Agent unhealthy after adding Network Packet Capture BETA integration

I added the "Network Packet Capture BETA" integration to a self managed 8.1.2 instance running on Ubuntu 20.04LTS. Shortly after adding that integration to one of the existing policies, fleet showed the agent status as unhealthy. Looking at the logs on the host, I found the following two entries repeated several times:

{"log.level":"error","@timestamp":"2022-04-19T17:51:18.987-0400","log.origin":{"file.name":"operation/operation_retryable.go","file.line":85},"message":"operation operation-verify failed, err: operation 'operation-verify' failed to verify packetbeat.8.1.2: 2 errors occurred:\n\t* fetching asc file from '/opt/Elastic/Agent/data/elastic-agent-6118f2/downloads/packetbeat-8.1.2-linux-x86_64.tar.gz.asc': open /opt/Elastic/Agent/data/elastic-agent-6118f2/downloads/packetbeat-8.1.2-linux-x86_64.tar.gz.asc: no such file or directory\n\t* open /opt/Elastic/Agent/data/elastic-agent-6118f2/downloads/packetbeat-8.1.2-linux-x86_64.tar.gz.sha512: no such file or directory\n\n","ecs.version":"1.6.0"}
{"log.level":"error","@timestamp":"2022-04-19T17:51:18.987-0400","log.origin":{"file.name":"fleet/fleet_gateway.go","file.line":181},"message":"failed to dispatch actions, error: operator: failed to execute step sc-run, error: operation 'operation-verify' failed to verify packetbeat.8.1.2: 2 errors occurred:\n\t* fetching asc file from '/opt/Elastic/Agent/data/elastic-agent-6118f2/downloads/packetbeat-8.1.2-linux-x86_64.tar.gz.asc': open /opt/Elastic/Agent/data/elastic-agent-6118f2/downloads/packetbeat-8.1.2-linux-x86_64.tar.gz.asc: no such file or directory\n\t* open /opt/Elastic/Agent/data/elastic-agent-6118f2/downloads/packetbeat-8.1.2-linux-x86_64.tar.gz.sha512: no such file or directory\n\n: operation 'operation-verify' failed to verify packetbeat.8.1.2: 2 errors occurred:\n\t* fetching asc file from '/opt/Elastic/Agent/data/elastic-agent-6118f2/downloads/packetbeat-8.1.2-linux-x86_64.tar.gz.asc': open /opt/Elastic/Agent/data/elastic-agent-6118f2/downloads/packetbeat-8.1.2-linux-x86_64.tar.gz.asc: no such file or directory\n\t* open /opt/Elastic/Agent/data/elastic-agent-6118f2/downloads/packetbeat-8.1.2-linux-x86_64.tar.gz.sha512: no such file or directory\n\n","ecs.version":"1.6.0"}

Workaround:
Download the three packetbeat files manually to /opt/Elastic/Agent/data/elastic-agent-6118f2/downloads/ on the host and restart the machine. The agent status returned back to healthy. I ran into the same issue on a windows host with a similar workaround.
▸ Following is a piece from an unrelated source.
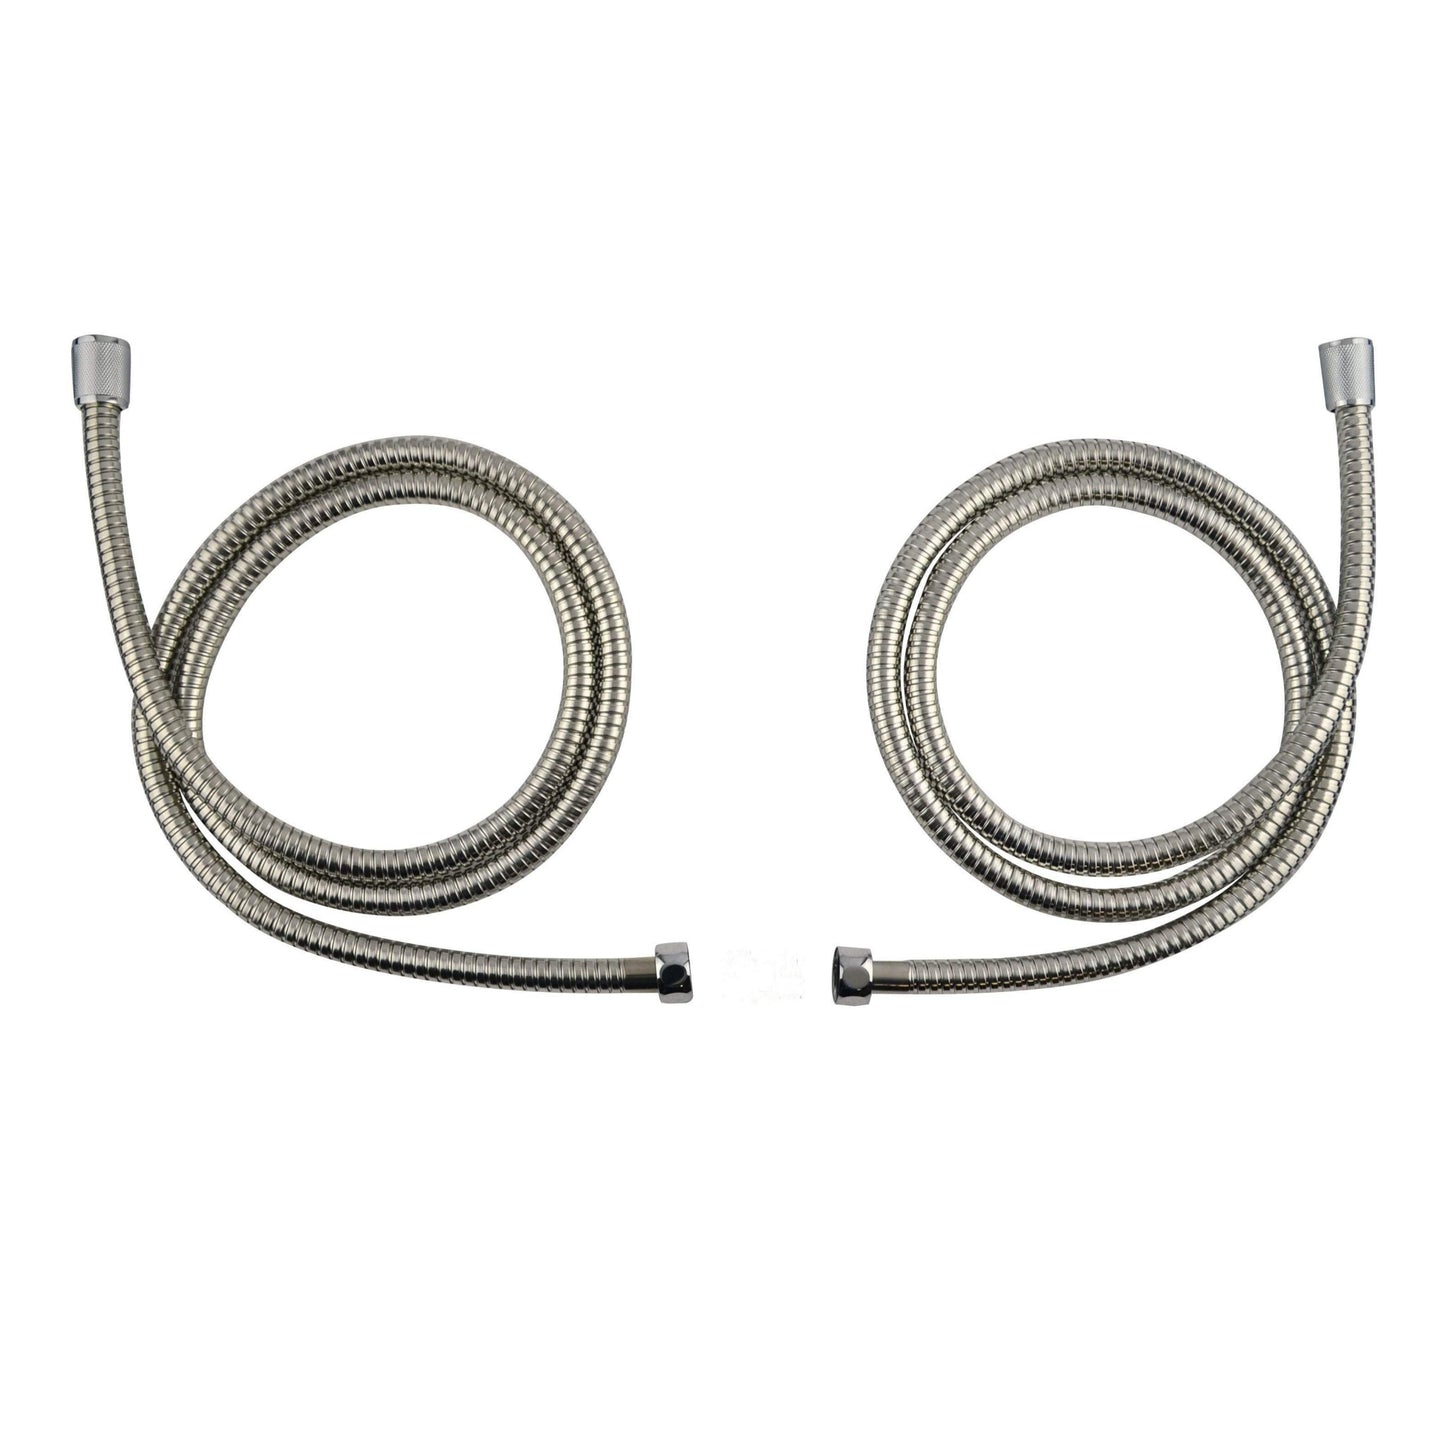 The-Supreme-2x1.5m-Stainless-Steel-Hose

Similar issue with Debian 11 (Bullseye) distro. Never seem to get Network Capture to work, it seems it isn't fully tested for a wide variety of distros

Hi,
I found a way for me to get arround.
I tested it on Windows but maybe it will also works for you.

I downloaded all the files directly from Elastic an copied it to the Download directory.
So in your case that would be:
/opt/Elastic/Agent/data/elastic-agent-6118f2/downloads/packetbeat-8.1.2-linux-x86_64.tar.gz
/opt/Elastic/Agent/data/elastic-agent-6118f2/downloads/packetbeat-8.1.2-linux-x86_64.tar.gz.asc
/opt/Elastic/Agent/data/elastic-agent-6118f2/downloads/packetbeat-8.1.2-linux-x86_64.tar.gz.sha512

Elastic offers the asc and sha512 on the Downlaod Page along the sources.

For me it seems like the problem described inthis github-issue

Not sure what is causing the verification to fail, maybe in our case a company-firewall.
If you dig a bit deeper, it would be great to open up a Issue with more Informations.

Best,
Simon

This topic was automatically closed 28 days after the last reply. New replies are no longer allowed.